Featuring luxurious spas, golf courses, and beautiful beaches, Cabo San Lucas is one of the luxury hotspot destinations in Mexico. This does not mean that people traveling on a budget will not enjoy it. The city offers all types of activities from swimming to diving, snorkeling, and fishing.

Traveling in Mexico during Covid: Updates Archives

September 1 – Mexico to begin vaccinating youngsters

On September 3, Mexico will start vaccinating the 18 to 29 age group in five of its municipalities.

In Cuautitlán Izcalli, Cuautitlán, Huixquilucan, Metepec, and Zinacantepec, youngsters will be able to get their first dose from September 3 to September 7.

Also, pregnant women will have a chance to get their jab after their first trimester in the above mentioned municipalities.

To prevent people from waiting in front of the vaccination centers, local government officials stressed out again that vaccines are free and that everyone will get the jab in the following weeks.

Source: Infobae

August 18 – Mexico to receive 8.5 million vaccines as COVID figures break record

The United States will send Mexico 8.5 million more doses of COVID-19 vaccines as the delta variant spreads like wildfire across all Mexican states. 

U.S. Vice President Kamala Harris informed Mexican President Andrés Manuel López Obrador of the new vaccine batch on call Monday, said Foreign Affairs Secretary Marcelo Ebrard.

On Tuesday, Mexican Federal health authorities reported another 7,172 new Covid-19 as the third wave of the coronavirus gathers pace. 

President Andrés Manuel López Obrador has come under fire for its lack of action to contain the virus. 

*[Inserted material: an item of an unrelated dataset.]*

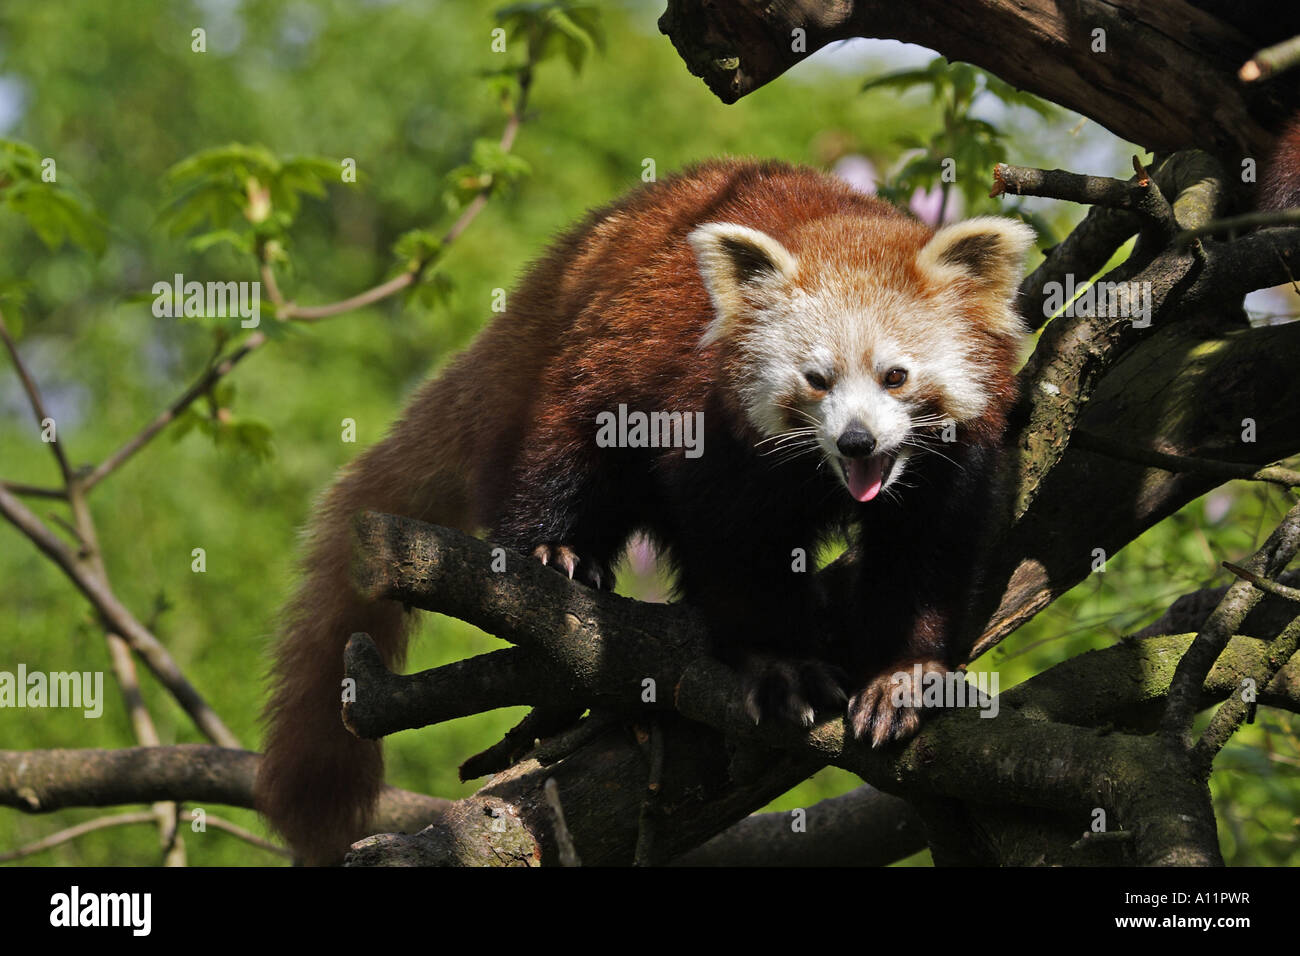 Panda bar -Fotos und -Bildmaterial in hoher Auflösung – Alamy

Total accumulated cases now come to 3.108 million and deaths, 248,652.

Source: AP

August 6 – Mexican hotspots will not requests visitors to present proof of vaccination

An incorrect report went out a week ago that hotels and restaurants in Quintana Roo would be requiring proof of vaccination or a negative Covid test to enter. 

Fortunately, that’s not true. Apparently a comment from Quintana Roo government Carlos Manuel Joaquín González, was taken out of context. 

As of today, Mexico does not require its visitors to present proof of a negative COVID-19 or vaccination and hotels should not do it either. 

Source: TravelOffPath

July 28 – Mexico will not reintroduce COVID-19 restrictions despite the third wave of pandemic, says government

Since the very onsets of the pandemic, Mexico decided not to enforce strong restrictions in order to protect its tourism industry. 

On July 27, Deputy Health Minister Hugo López-Gatell confirmed that Mexico is getting into the third wave of the pandemic following an increase in cases in 50% of the Mexican states. 

The Mayor of Mexico City Claudia Sheinbaum said the government will not reintroduce COVID-19 restrictions. Instead, they will launch a campaign to ask residents “to act responsibly.”